2. Drizzle ORM's migrator doesn't work in a WebView. I love Drizzle. Type-safe queries, a clean migration workflow, great ergonomics. But Drizzle's built-in migrator calls readMigrationFiles(), which uses Node's fs module at runtime. That API doesn't exist in a WebView. You hit a wall immediately when you try to use drizzle-kit migrate in a Tauri app.
3. No Turso support. I wanted to build local-first apps — data lives on disk, works offline, but syncs to a cloud database when connected. Turso's embedded replica mode does exactly this, but @tauri-apps/plugin-sql has no concept of it.
Why libsql
libsql is Turso's fork of SQLite. For the purposes of a Tauri plugin, it offers three things the standard sqlite3 crate doesn't:
-
Native encryption via the
encryptionfeature flag — AES-256-CBC, no extra native libraries - Embedded replica mode — local SQLite file that syncs bidirectionally with Turso cloud
- A clean async Rust API with a builder pattern that makes the three modes (local, replica, remote) easy to configure
The Rust API looks like this:
// Local only
let db = Builder::new_local("myapp.db").build().await?;
// Embedded replica (local file + Turso sync)
let db = Builder::new_remote_replica("local.db", "libsql://mydb.turso.io", "token")
.build().await?;
// Initial sync on connect
db.sync().await?;
Making Drizzle Work in a WebView
Drizzle has a lesser-known driver called sqlite-proxy. Instead of opening a database file directly, you give Drizzle a callback function. Drizzle generates SQL queries, calls your function with them, and you return the results. It was designed for HTTP-based SQLite proxies, but it works perfectly for Tauri's invoke() pattern.

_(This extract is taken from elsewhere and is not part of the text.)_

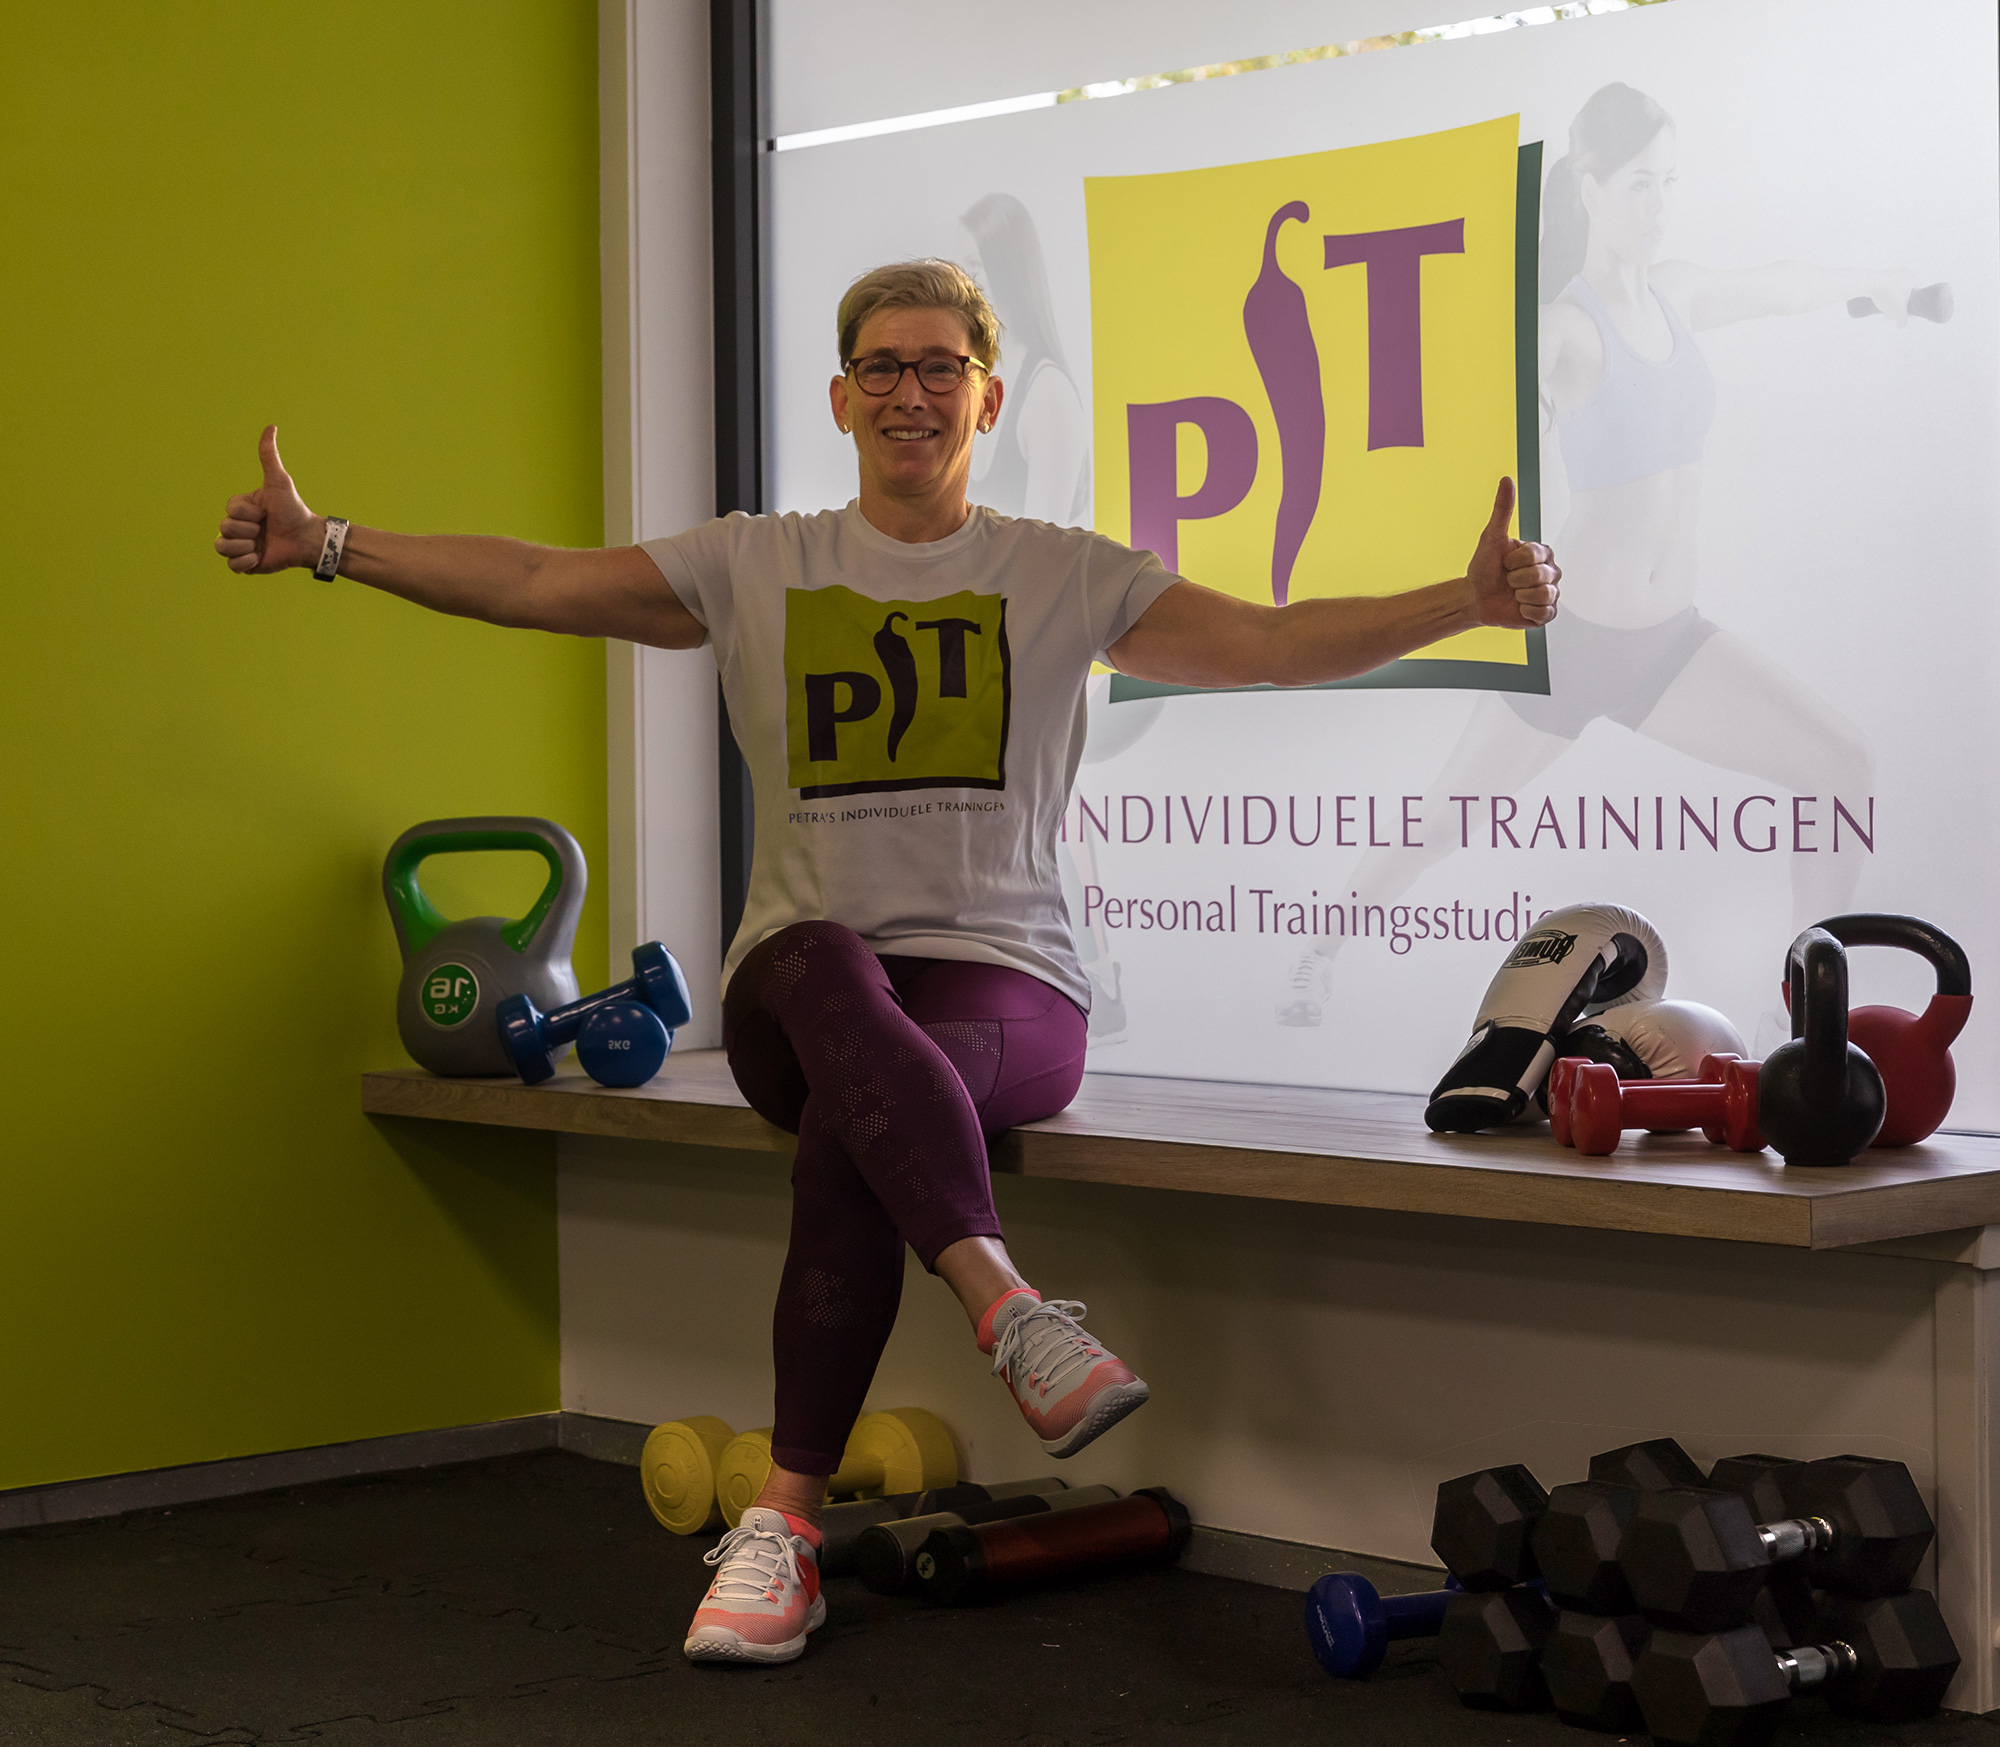 Personal Training in de stad met PiT-Sportief

import { drizzle } from "drizzle-orm/sqlite-proxy";
import { invoke } from "@tauri-apps/api/core";
const proxy = async (sql: string, params: unknown[], method: string) => {
if (method === "run") {
const result = await invoke("plugin:libsql|execute", { db: path, query: sql, values: params });
return { rows: [] };
}
const rows = await invoke("plugin:libsql|select", { db: path, query: sql, values: params });
return { rows: rows.map(Object.values) };
};
const db = drizzle(proxy, { schema });
The plugin exports createDrizzleProxy(path) which wraps this pattern. You get full Drizzle — type-safe queries, joins, transactions, all of it — running against a local SQLite file via Rust, inside a Tauri WebView.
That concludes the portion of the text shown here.